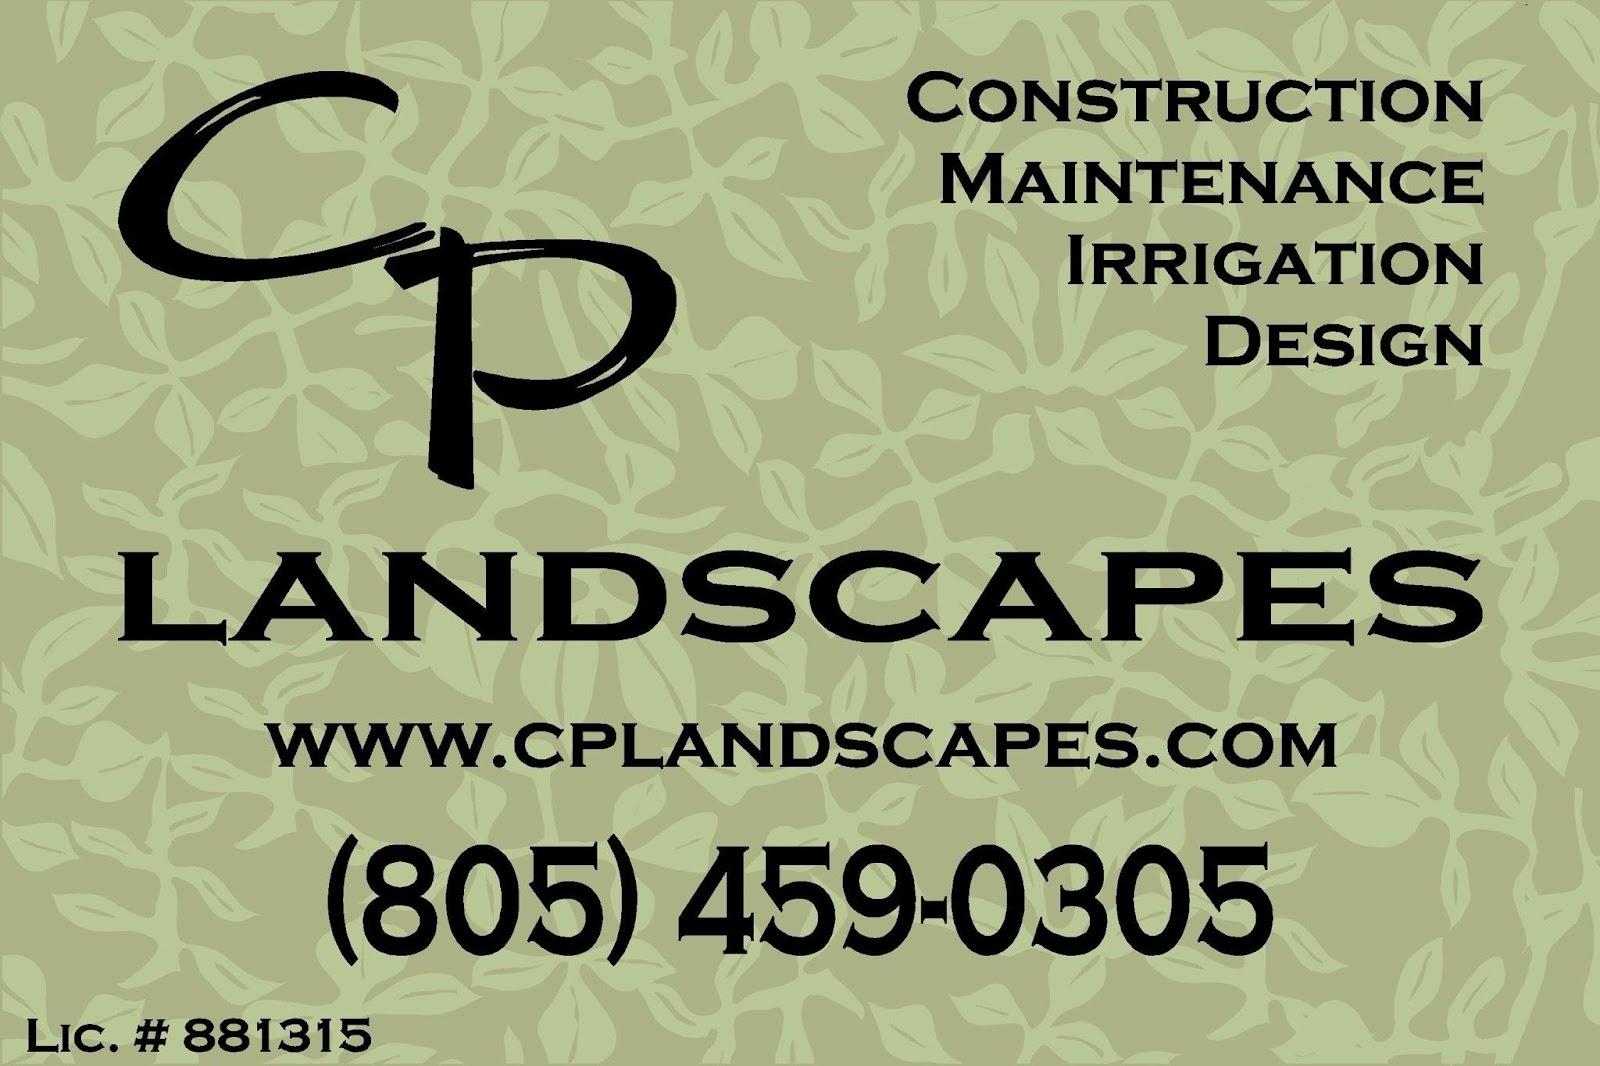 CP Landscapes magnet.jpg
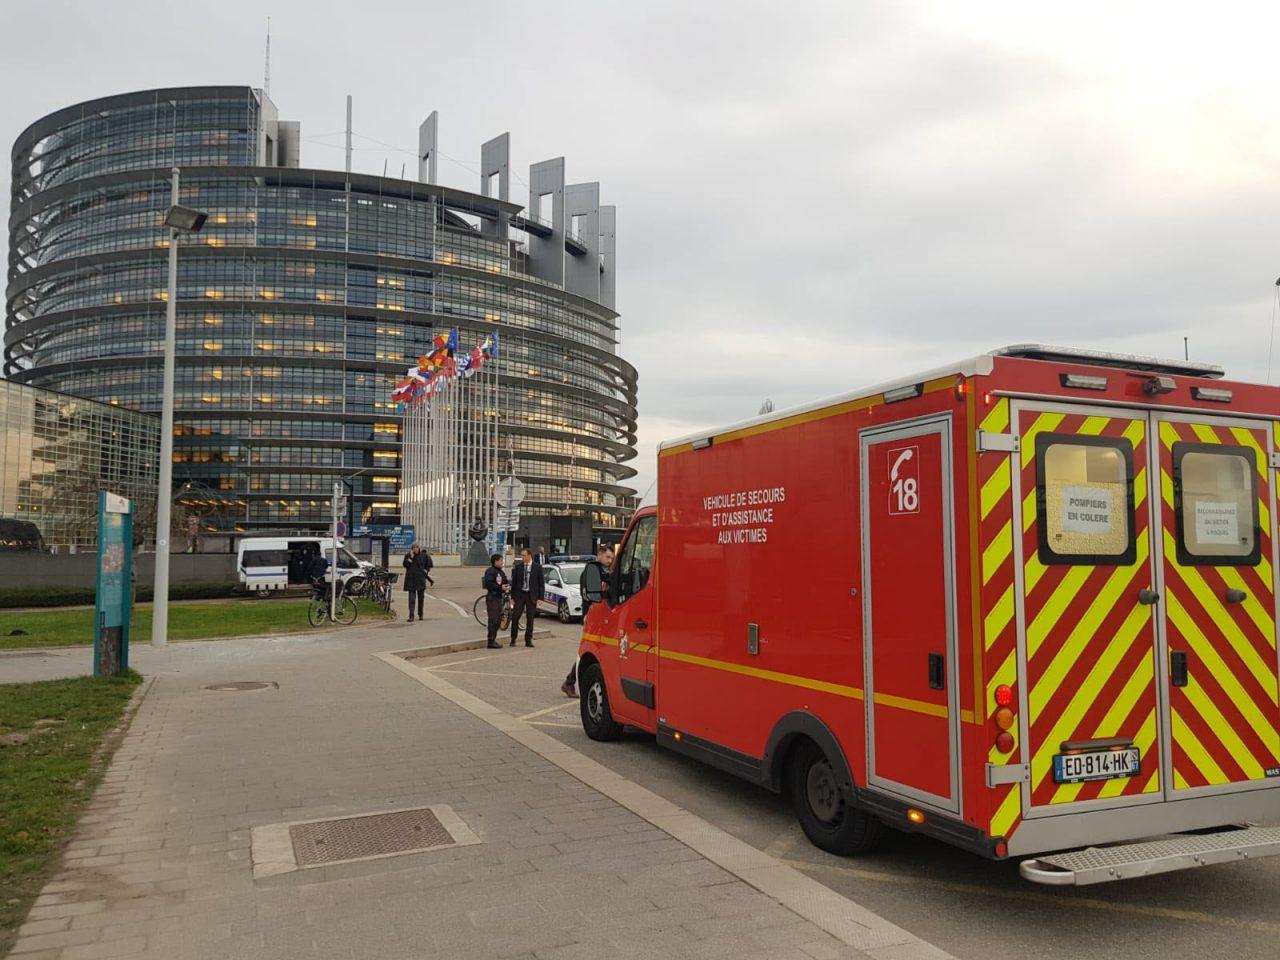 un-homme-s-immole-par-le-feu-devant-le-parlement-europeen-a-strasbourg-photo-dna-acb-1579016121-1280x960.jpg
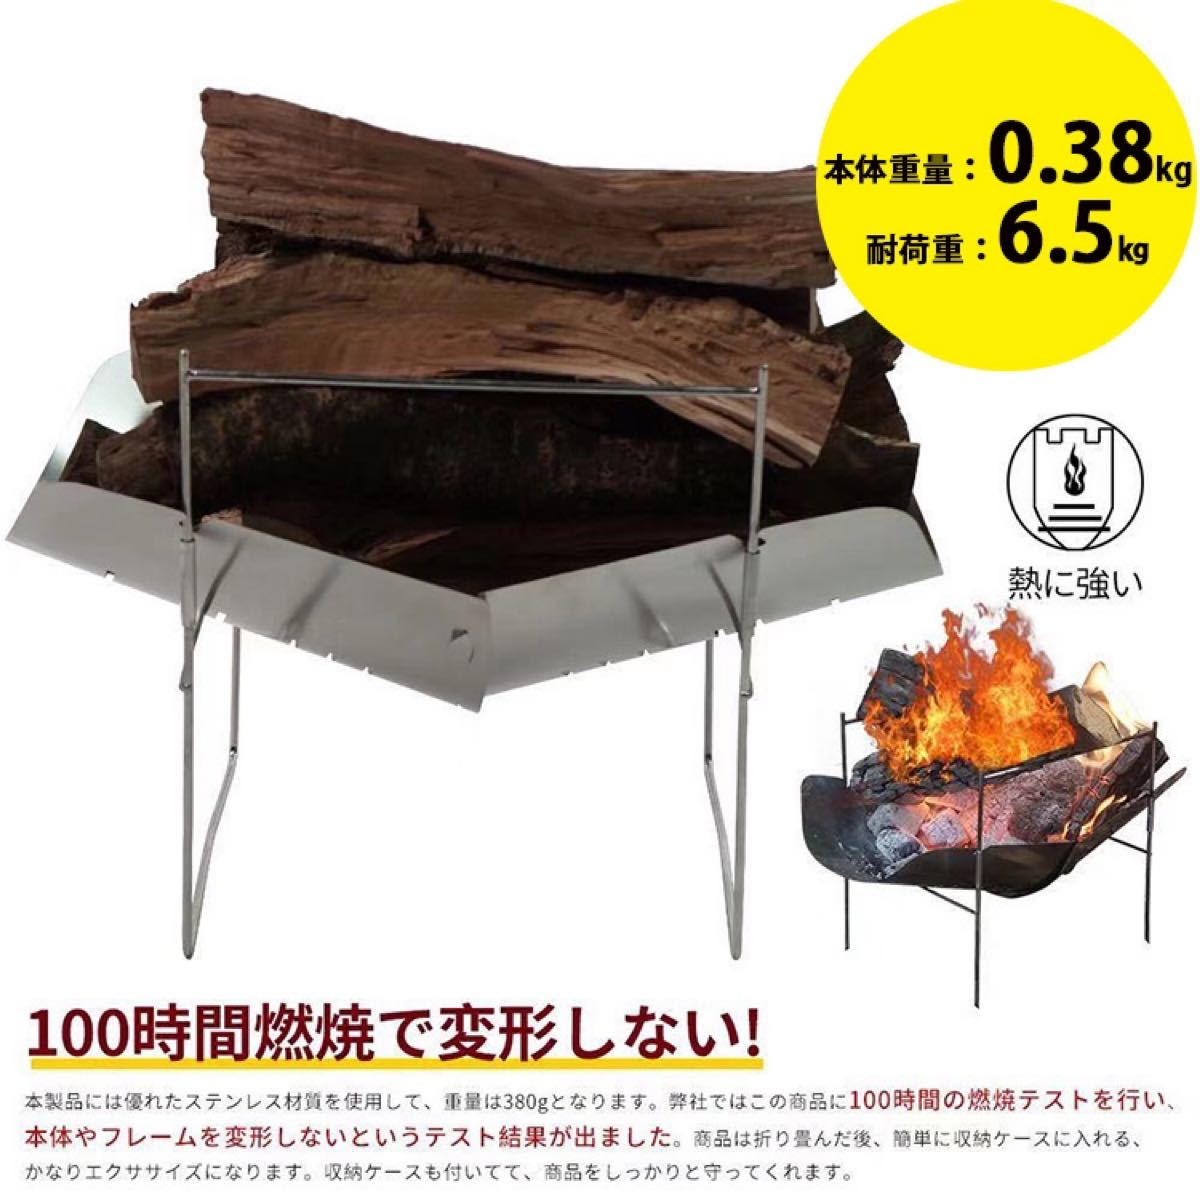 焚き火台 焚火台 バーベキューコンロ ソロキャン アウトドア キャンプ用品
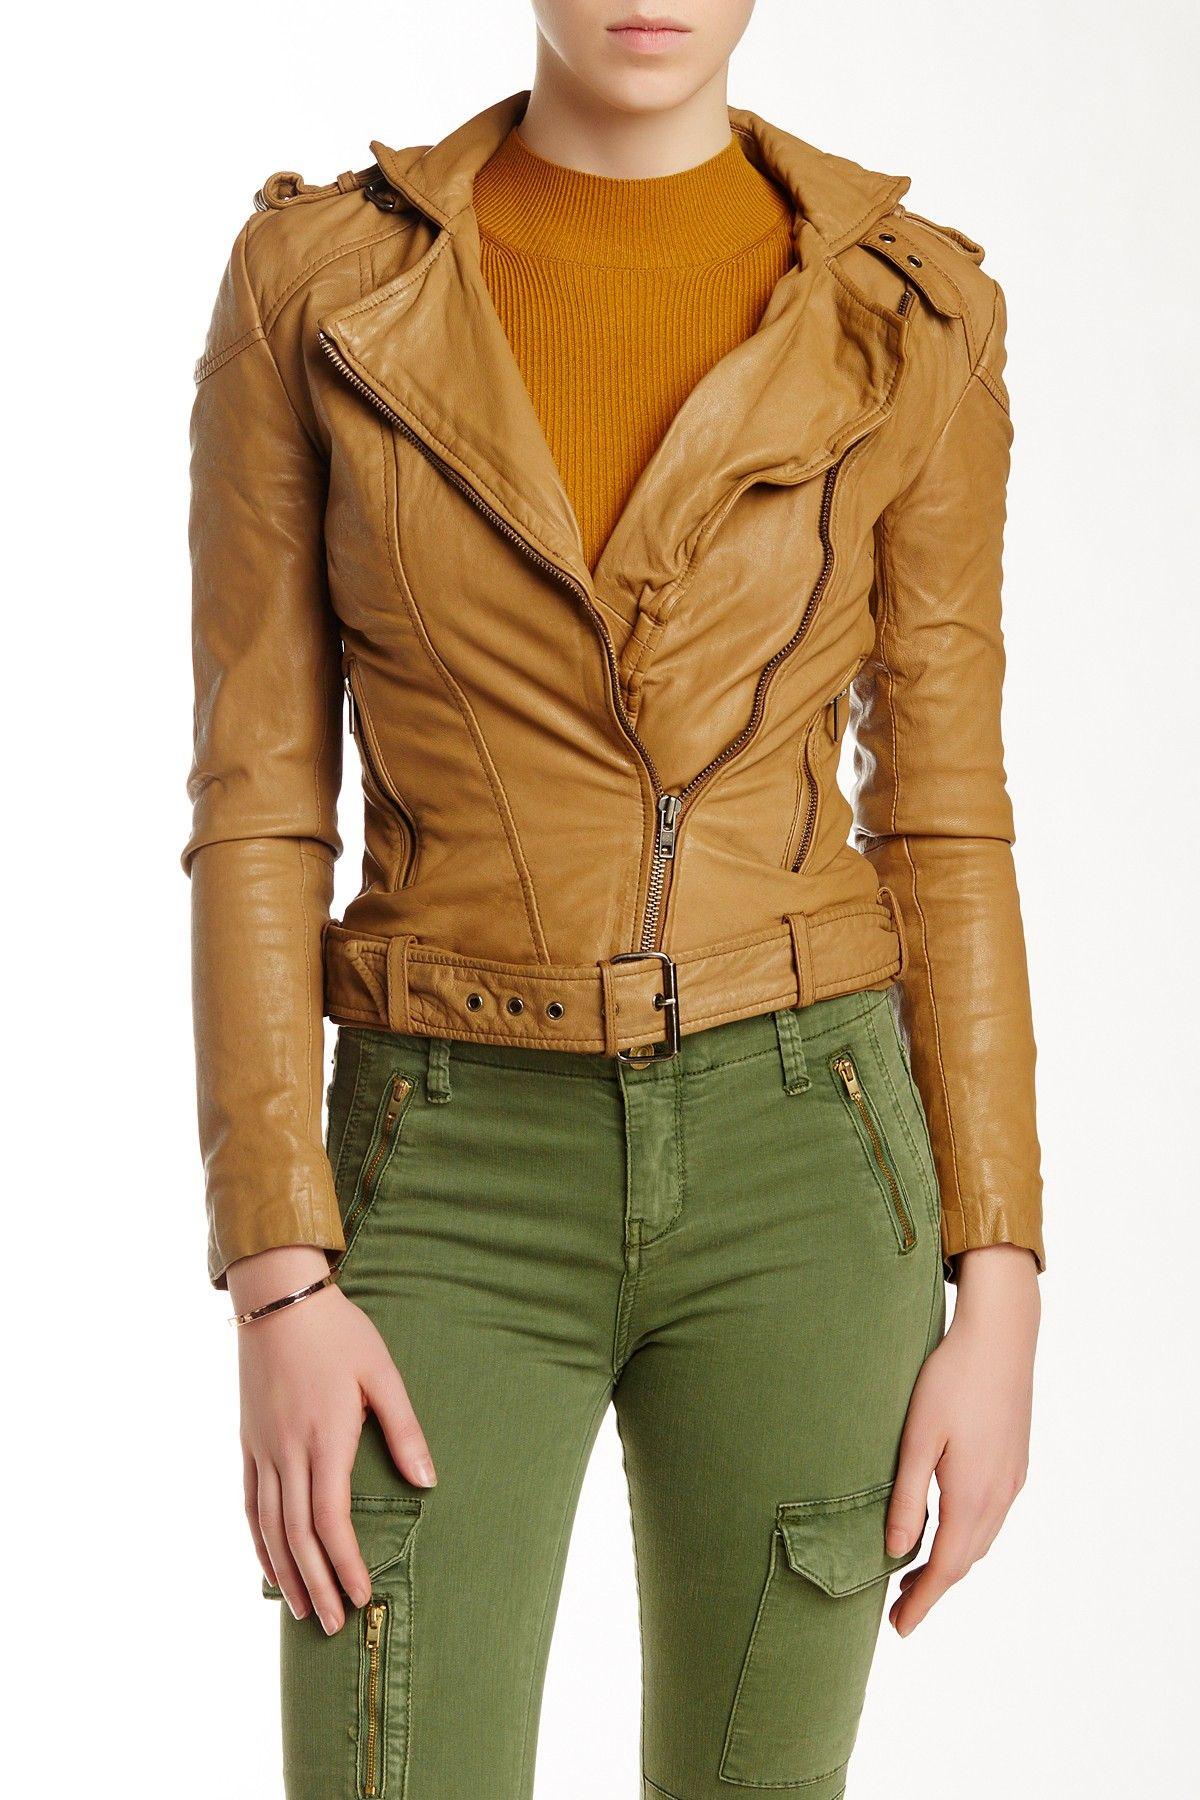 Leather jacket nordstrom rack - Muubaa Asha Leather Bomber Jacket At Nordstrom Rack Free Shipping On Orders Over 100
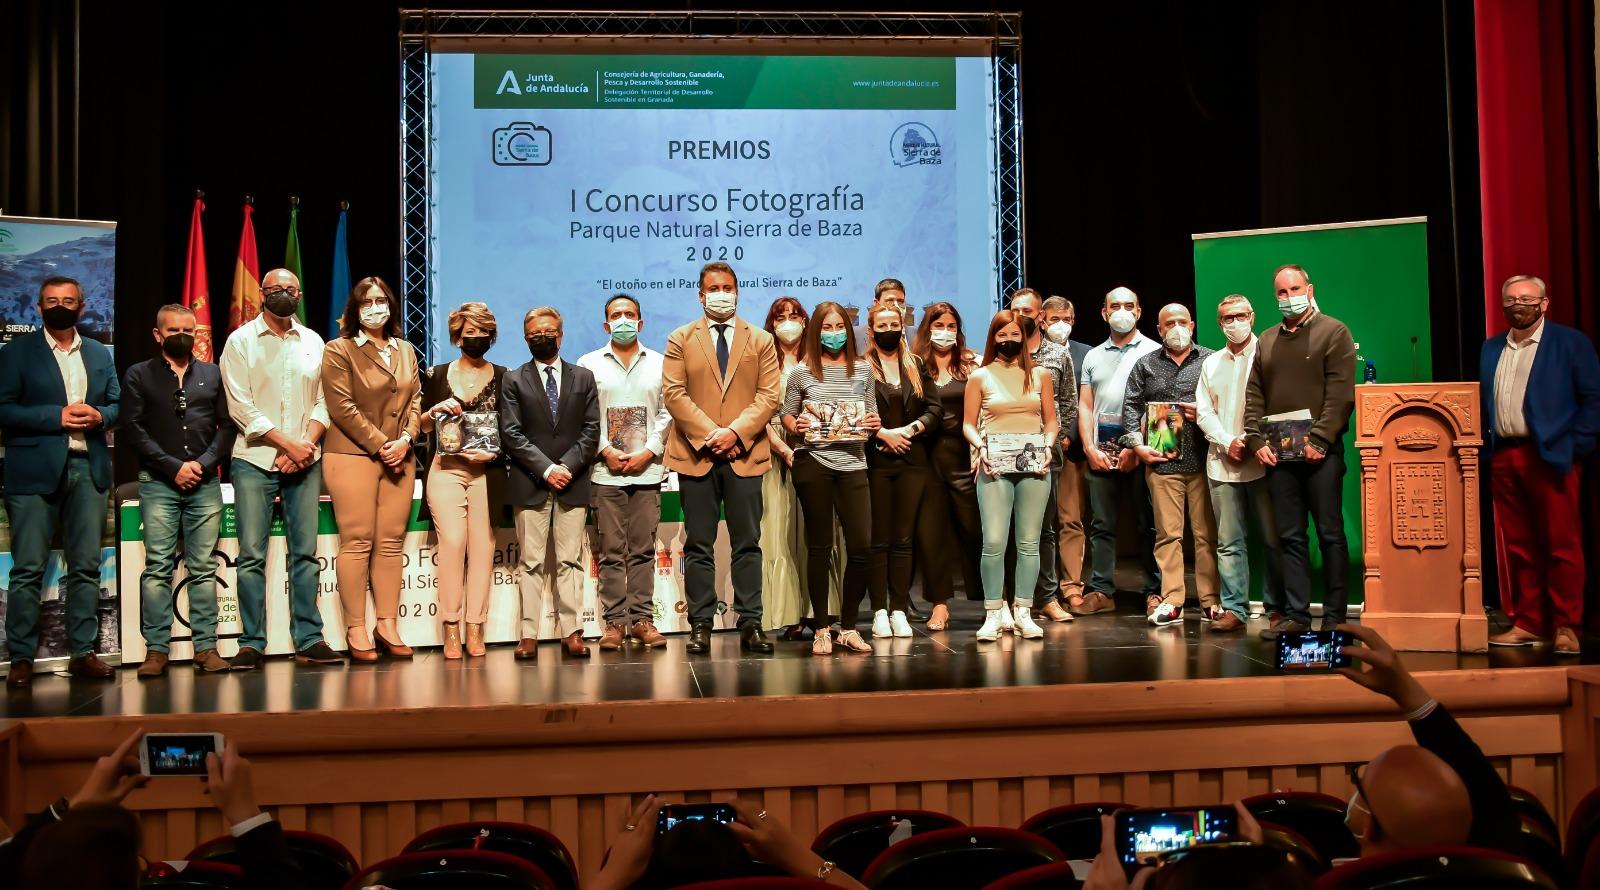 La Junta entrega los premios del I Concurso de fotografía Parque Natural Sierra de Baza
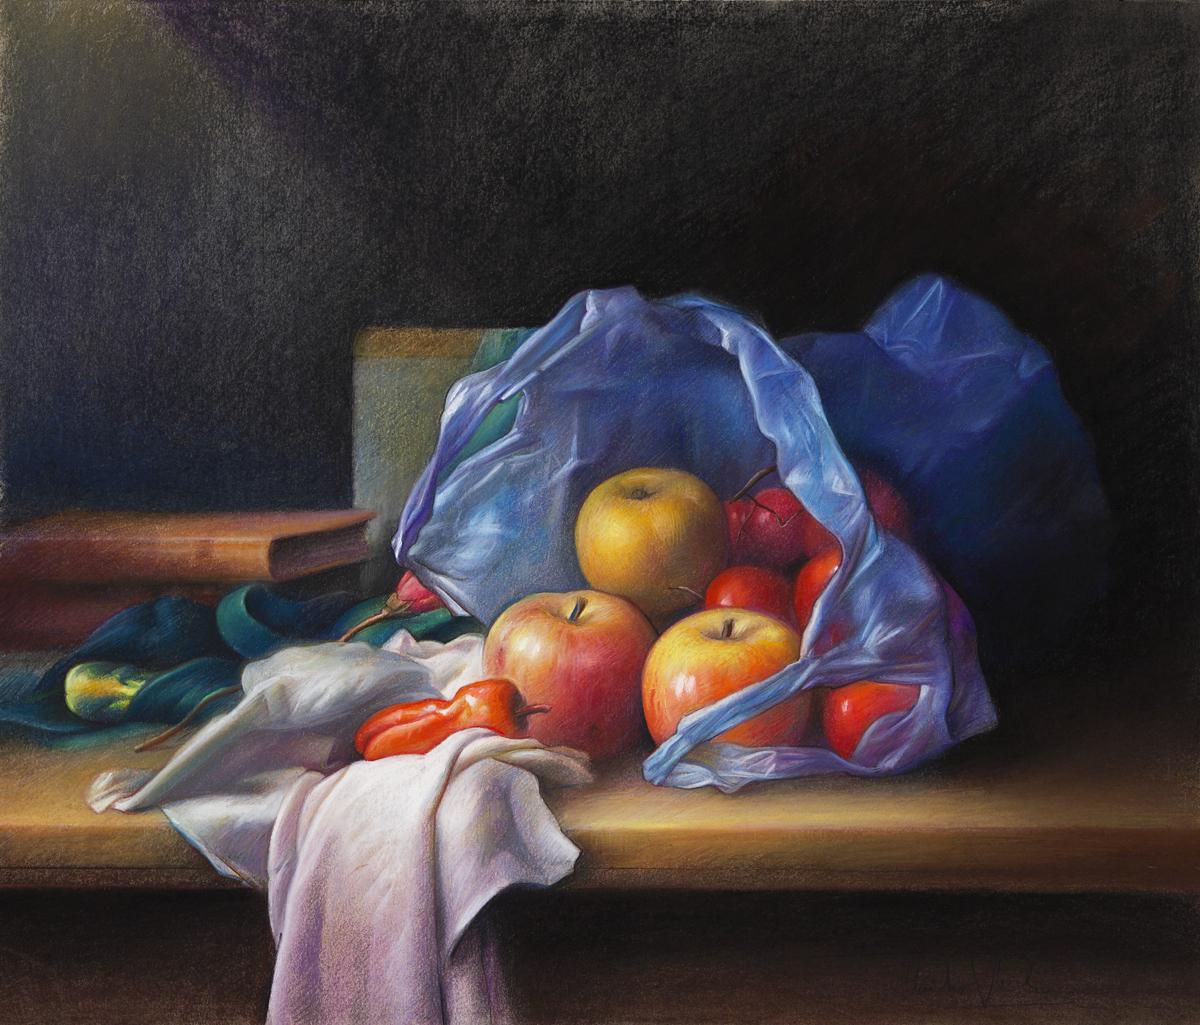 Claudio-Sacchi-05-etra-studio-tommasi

+ + +

Since the pictures are not part of the copy, transcribe only the remaining material, exactly.

**Solution:**
 CP Landscapes magnet.jpg
 un-homme-s-immole-par-le-feu-devant-le-parlement-europeen-a-strasbourg-photo-dna-acb-1579016121-1280x960.jpg
 焚き火台 焚火台 バーベキューコンロ ソロキャン アウトドア キャンプ用品
 Leather jacket nordstrom rack - Muubaa Asha Leather Bomber Jacket At Nordstrom Rack Free Shipping On Orders Over 100
 La Junta entrega los premios del I Concurso de fotografía Parque Natural Sierra de Baza
 Claudio-Sacchi-05-etra-studio-tommasi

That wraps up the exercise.